The listing below begins with the first line you should copy; stop after the line containing "Retro Vintage 5.50ct", and drop every picture.

(DATA Opens)

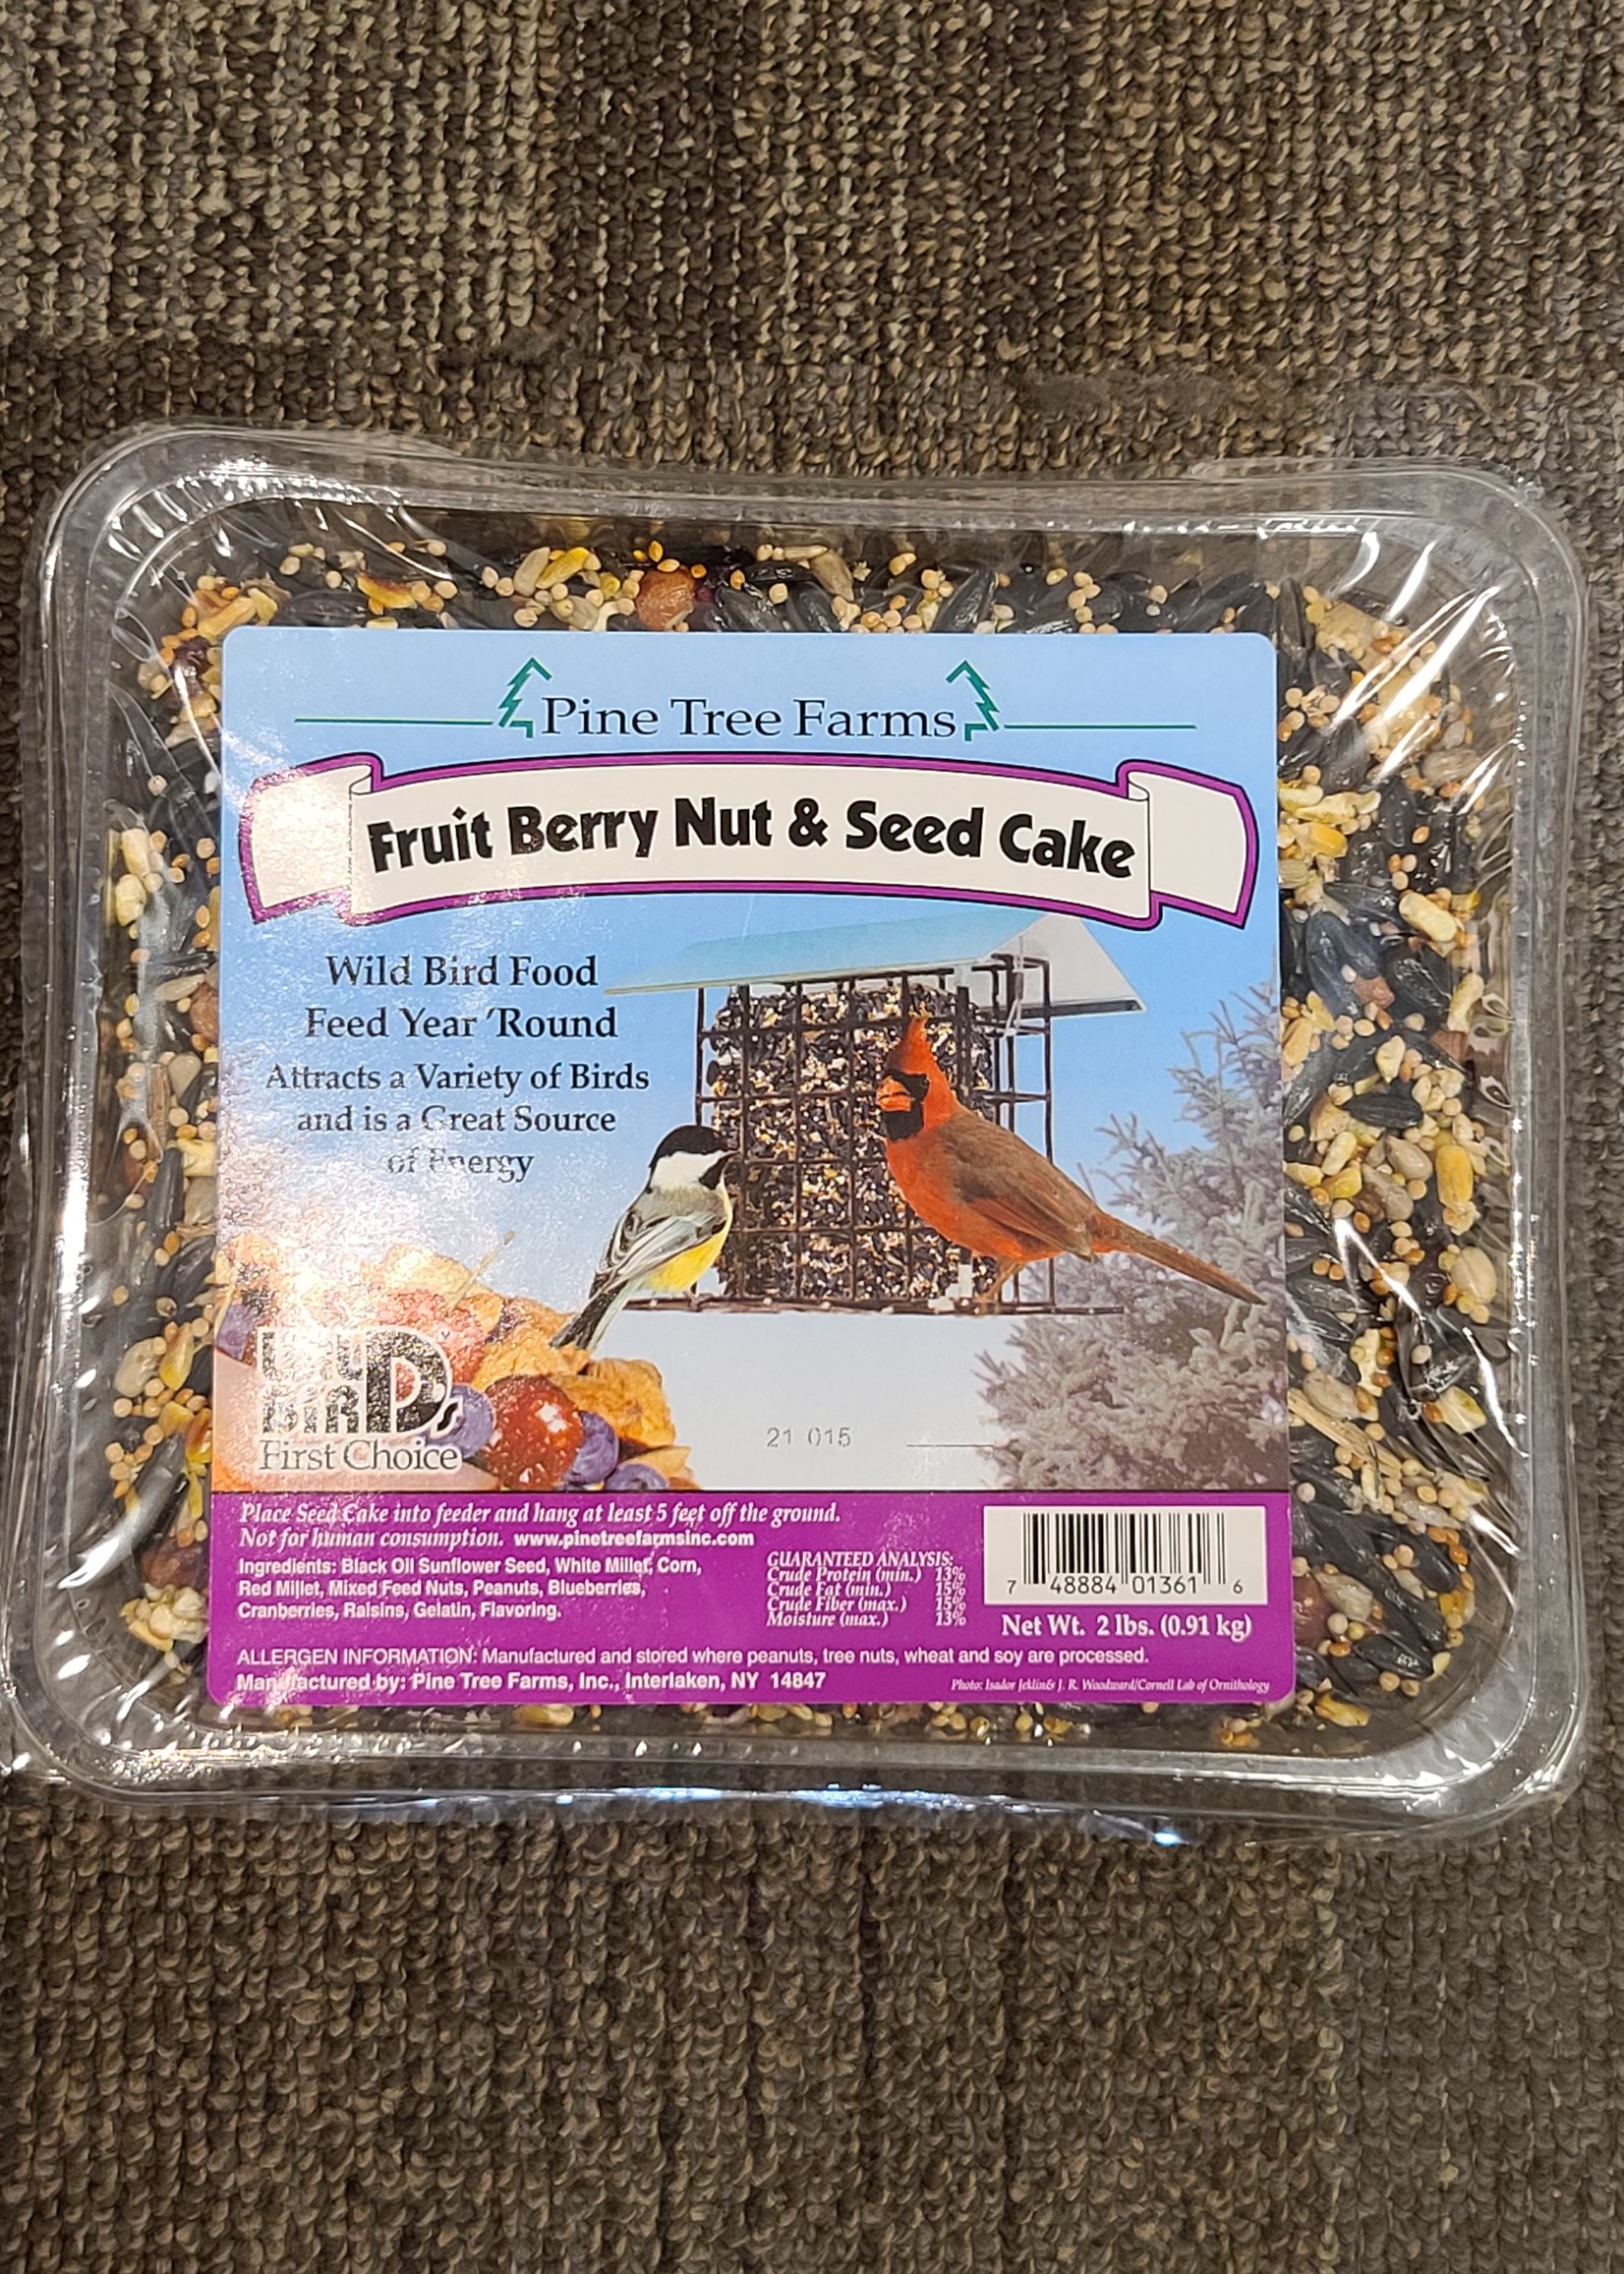 Fruit Berry Nut and Seed Cake
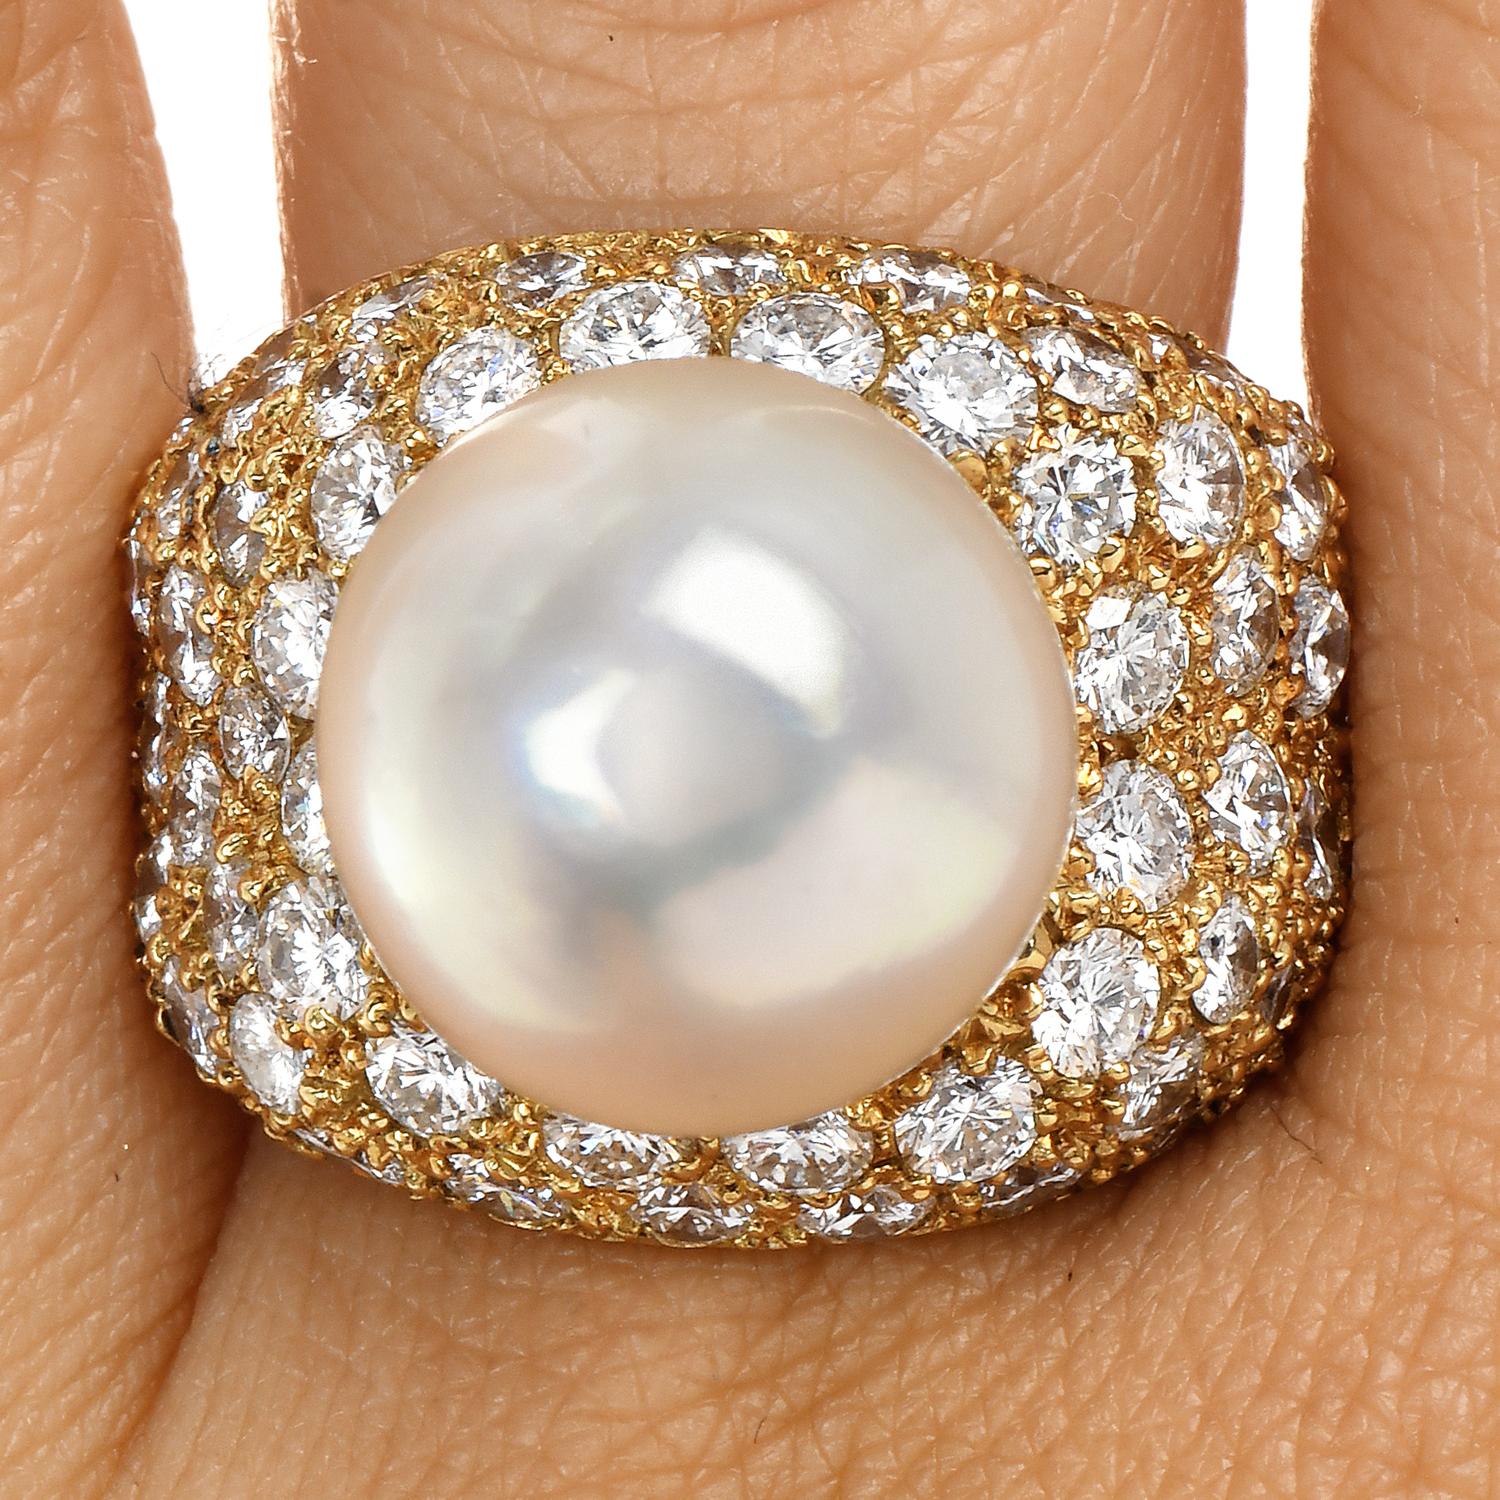 Retro Vintage 5.50ct Diamond South Sea Pearl 18k Yellow Gold Pave Cocktail Ring For Sale 2
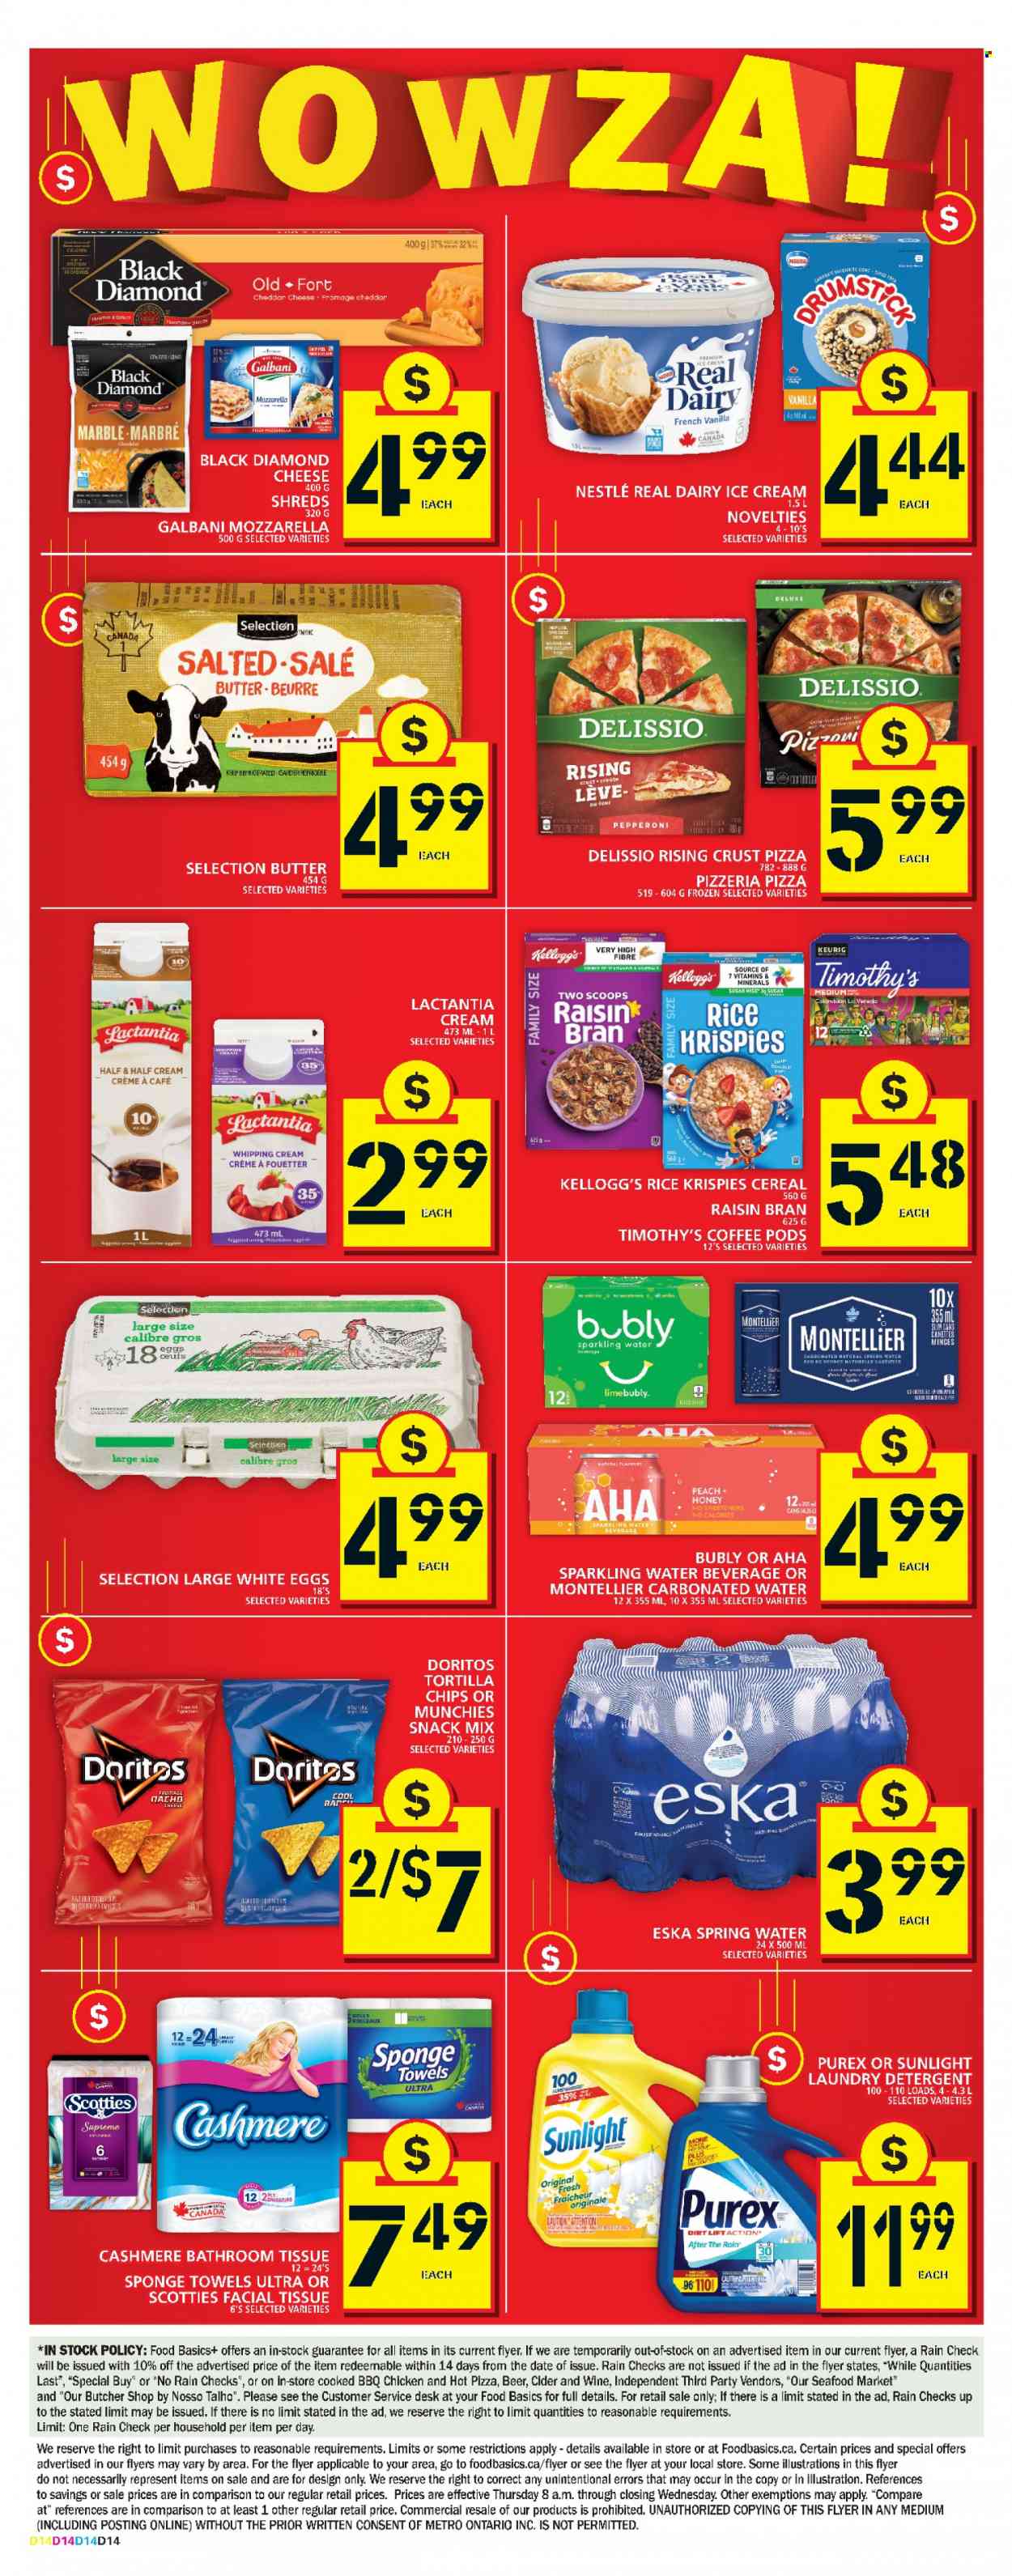 thumbnail - Food Basics Flyer - January 26, 2023 - February 01, 2023 - Sales products - seafood, pizza, pepperoni, Galbani, eggs, whipping cream, ice cream, snack, Kellogg's, Doritos, tortilla chips, cereals, Rice Krispies, Raisin Bran, honey, spring water, sparkling water, coffee, coffee pods, Keurig, wine, cider, beer, Half and half, bath tissue, laundry detergent, Sunlight, Purex, sponge, towel, detergent, Nestlé. Page 2.

(DATA Closes)

■ **WORKED SOLUTION**
 Fruit Berry Nut and Seed Cake
 Retro Vintage 5.50ct Diamond South Sea Pearl 18k Yellow Gold Pave Cocktail Ring For Sale 2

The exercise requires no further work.